Tracey Spicer Launches Anti-Sexual Harassment Group NOW
There have been many Australian feminists who have wanted to import the #MeToo movement into Australia. The most prominent one is former newsreader Tracey Spicer who vowed she would out 40 sexual predators in the entertainment industry and urged other women to contact her with their own #MeToo stories.
Spicer and the other Australian #MeToo story hunters have not got off to a good start. Out of the three Australian entertainment figures who have been accused of sexual harassment, two Craig McLachlan and Geoffrey Rush have launched defamation action against the publications that reported the allegations. Spicer is well short of the 40 she vowed to out.
Spicer herself has a history of viewing all men as natural sexual predators. She once wrote that she did not want men to sit next to her children on plane flights because of the risk they could abuse them. She also labelled Tony Abbott a creep on Twitter when she feel for a fake photo showing him looking down the cleavage of former Liberal MP Fiona Scott.
This history has not stopped her launching a new organisation to end sexual harassment, intimidation and abuse in Australian workplaces called NOW. It’s slogan is: #MeToo is the movement. NOW is the moment. Spicer has claimed over 1500 have contacted her to share their own #MeToo stories, which for somebody of Spicer’s prominence isn’t that many and then one can rightly question how many of those stories are creditable.

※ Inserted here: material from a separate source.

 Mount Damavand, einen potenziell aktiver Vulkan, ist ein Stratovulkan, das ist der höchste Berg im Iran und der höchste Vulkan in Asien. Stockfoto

Spicer’s first goal with NOW is to ask for money, $250,000 is the target, she has received $30,000 so far. If you donate over $100 you a get a NOW t-shirt. NOW plans to use the money to connect survivors to counseling and legal support and to fund research and education programs, and to work with government and industries to develop solutions.

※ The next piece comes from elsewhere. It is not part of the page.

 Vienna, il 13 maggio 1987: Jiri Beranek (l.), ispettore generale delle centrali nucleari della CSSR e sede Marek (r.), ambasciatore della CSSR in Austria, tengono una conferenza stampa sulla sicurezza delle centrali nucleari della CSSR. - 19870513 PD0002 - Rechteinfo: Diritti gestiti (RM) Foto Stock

The promotional video for NOW begins by quoting an Australian Bureau of Statistics survey which claimed that one in two women and one in four men have been sexually harassed in their lifetime (harassment includes inappropriate comments about the person’s body or sex life). Despite stating that men can be victims of sexual harassment the promotional video only features female Australian celebrities. It also claims that incidents of sexual harassment has increased over the past decade.

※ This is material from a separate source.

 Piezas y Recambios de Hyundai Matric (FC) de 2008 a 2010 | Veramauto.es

https://vimeo.com/261673437
We should all be very wary about NOW and its plans, organisations such as this need new issues to campaign on and new victims to champion to remain relevant and to keep the money coming in. NOW is not going to in 10 years time claim that sexual harassment has been eradicated and declare mission accomplished.
We should also be mindful of the history of feminists to fabricate stories of harassment and assault and resort to the demonization of all men and the portrayal of women as helpless victims. We should also recall the shameful Australian Human Rights Commission Report last year that claimed that sexual harassment and assault was an epidemic at Australian universities. It had a flawed survey sample and incidents of harassment included things as innocuous as staring or asking someone on a date.
Spicer claims that NOW will be non-partisan but it will most likely favour of the policies of parties such as Labor and Greens who promise more government money to feminist causes and will help peddle the feminist victim narrative. You can also imagine employers desperate to not be accused of being a sexist workplace signing up their employees to NOW workshop sessions.
Let us hope that NOW itself does not actually create victims by ruining the careers of innocent men who get accused of sexual harassment in the workplace. We already have enough feminist organisations in Australia only too eager to demonize men and claim we live in a rape culture. But with a founder like Spicer with her history it is certainly a cause for concern.